利用微调神器 QLORA，训练重量级开源模型Llama2和Mistral（疯狂的厨子2）

本指南适用于任何想要为自己的项目定制强大的语言模型（如Llama 2和Mistral）的人。即使您没有可用的超级计算机，我们也将使用 QLoRA 逐步完成微调这些大型语言模型 (LLM) 的步骤。

关键点：好的模型需要好的数据。我们将介绍现有数据的培训以及如何创建自己的数据集。您将了解如何格式化数据以进行训练，特别是 ChatML 格式。代码保持简单，避免额外的黑盒或训练工具，仅使用基本的 PyTorch 和 Hugging Face 包。

您将在这里学到什么：

如何查找和准备数据集
将数据集转换为 ChatML 格式进行训练
加载基本模型的量化版本并插入 LoRA 适配器
选择正确的训练设置

让我们开始吧！

先决条件

在我们开始之前，您需要 Hugging Face 的最新工具。在终端中运行以下命令来安装或更新这些软件包：

pip install -U accelerate bitsandbytes datasets peft transformers

作为参考，这些是用于组合本教程的特定版本：

accelerate 0.24.1 bitsandbytes 0.41.1 Datasets 2.14.6 peft 0.6.0 transformers 4.35.0 torch 2.1.0

现有或创建自己的数据集

本节专门介绍加载或制作数据集以及随后根据 ChatML 结构对其进行格式化的关键过程。接下来，我们将在下一节中深入研究标记化和批处理领域。

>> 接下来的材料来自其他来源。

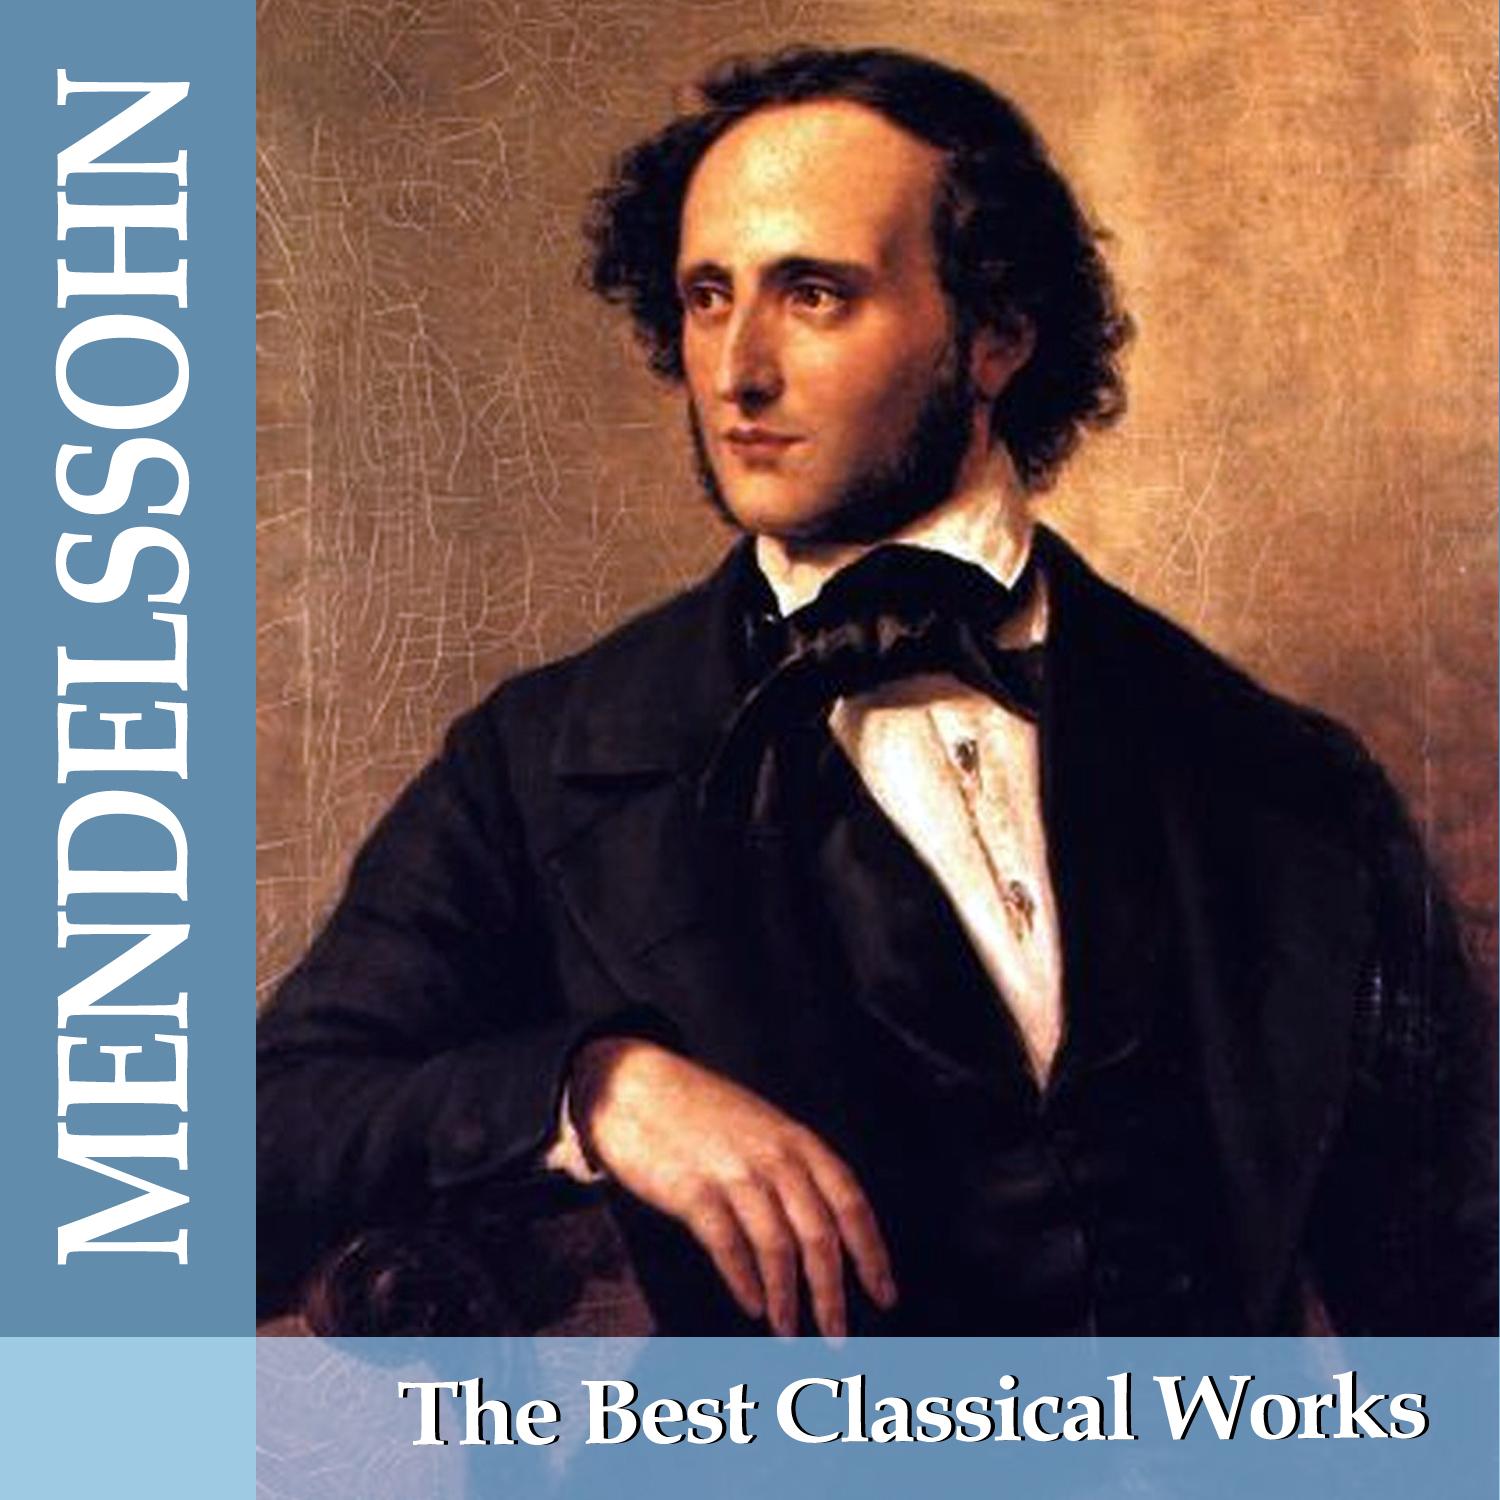 Mendelssohn: The Best Classical Works

请记住，数据集的质量至关重要——它将显著影响模型的性能。您的数据集必须适合您的任务，这一点至关重要。

总体策略

数据集可以混合来自不同来源。以Mistral 的 Open Hermes 2 微调为例，它使用来自多个数据集的约 900,000 个样本进行训练。

这些数据集通常包含问题-答案对，格式为独立对（单个样本相当于单个问题和答案）或以对话序列连接（格式为 Q/A、Q/A、Q/A）。

本节旨在指导您将这些数据集转换为与训练方案兼容的统一格式。为了准备培训，必须选择一种形式。我在这里选择了 OpenAI 的ChatML，因为它在最近的模型版本中被频繁采用，并且可能成为新标准。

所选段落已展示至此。